Considering Cascade is the most popular hop variety in the country today, this bill lends Dixie a remarkable level of anachronistic credibility. This recipe is also impossible following the historic timeline of lupulin evolution. According to a 2013 hop varietal guide published by the University of Vermont in conjunction with YCH Hops, a prominent hops grower and supplier in Washington, the in-demand aroma variety was “bred in 1956 and released for cultivation in 1972,” a full 65 years after Dixie introduced its “original” recipe.

Addressing this, Dixie says its recipe is proprietary, but today’s drinkers know this is “the beer they fell in love with growing up as a New Orleanian.”

Other brewers have been less forgiving.

“How can something that was developed in the 1970s be an original recipe of something that was produced in the early 1900s?” says one brewer, speaking on condition of anonymity. “I mean, as a brewer, that’s the first thing I noticed.
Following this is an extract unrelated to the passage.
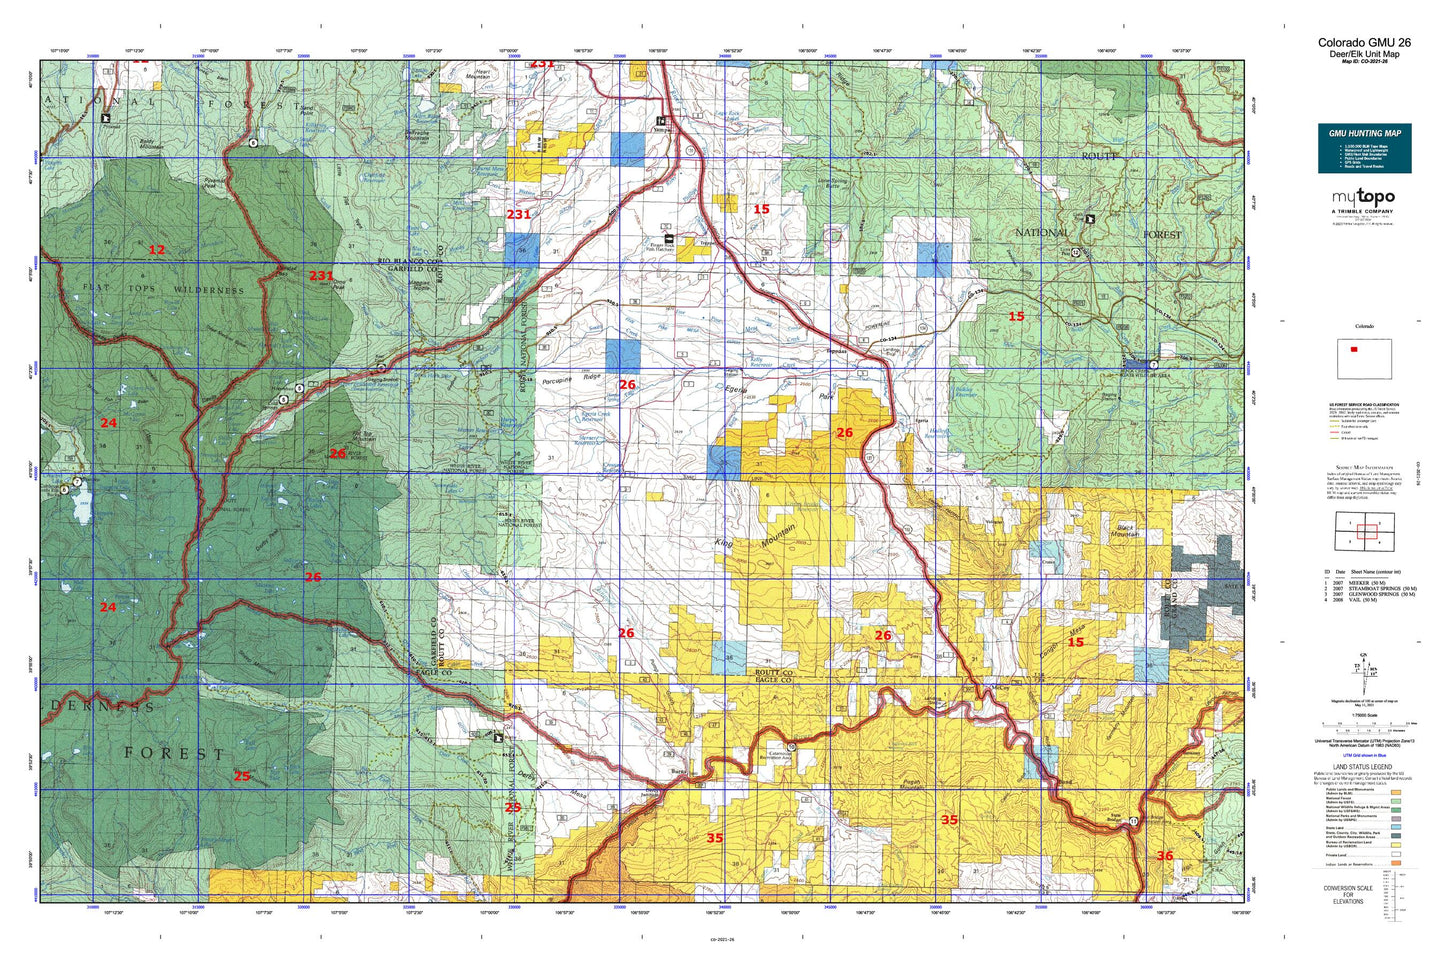 Colorado GMU 26 Map Image

No way in hell.”

All this combined has led brewers to view Dixie skeptically, but in fairness, others have welcomed the brand back with open arms. Polly Watts, owner of the reputable Avenue Pub, says she and others are “thrilled to see it come back,” adding that, at her place, Dixie has taken dollars away not from local brands, but from the so-called big guys. Others seem to agree, as the New Orleans Advocate reported last week that Dixie’s third batch, now in production, is larger than its first two combined.

“I see great long term potential for Dixie to take market share away from the large macros,” Watts elaborates. “Once the brewery has opened here, that could have a nice, positive impact in our local economy.”
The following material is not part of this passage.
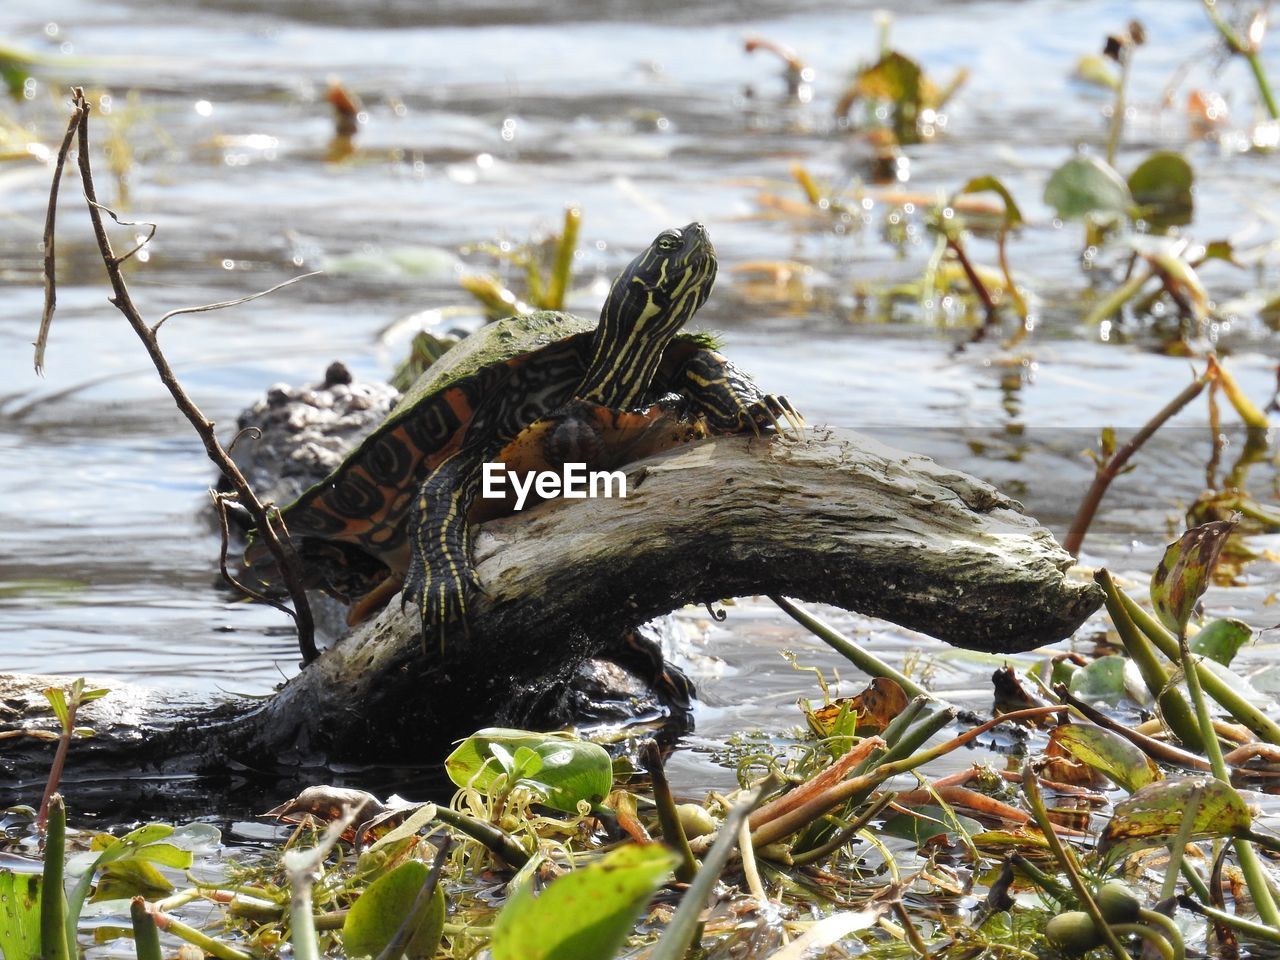 Turtle on wood in lake

As for that promised brewery, Hales says the company is very close, having decided where it plans to go and is currently in the process of conducting engineering surveys. And that’s great news to even the angriest of brewers with whom GBH spoke, who see Dixie as having the potential to create local jobs and become a good neighbor. So, too, does Dixie wish to be a powerful local advocate for the industry.  Says Hales: “We’d like everybody to be drinking local the way they’re eating local. Certainly that’s important to us.”

Others still, though, have voiced concern that the racial implications of the brand’s name alone—the word “Dixie” most famously refers to the racist Confederate States of America—actually could work to damage the industry’s reputation. This is especially so, they say, at a time when the country grapples with tearing down confederate monuments. This is something Benson is no doubt acutely aware of, as national anthem protests over systemic violence against black Americans have underlined this NFL season. Indeed, these protests played out under his personal view of the field every Sunday. The stadium, now dressed in Dixie trademarketing, feels out of sync with some who view the name and implications negatively, even as its nostalgic qualities are positive for others. It’s difficult to curate historical associations when it’s also your unique selling point.

But in the end, given Dixie’s stated desire to be a good neighbor (and, as the company tells GBH, with an open invite for any concerned brewers to talk with them), those worried just aren’t sure what to make of it all. In one of the new Dixie spots, for instance, the same abovementioned disembodied voice intones, “This city doesn’t need another beer, but it does need Dixie Beer.” Wood, at Courtyard, says that line in particular “infuriated a lot of people.”

“Like, what do you mean?” he says. “No, we need more, we need jobs. New Orleans especially needs jobs and help and more industry. That really rubbed us the wrong way.”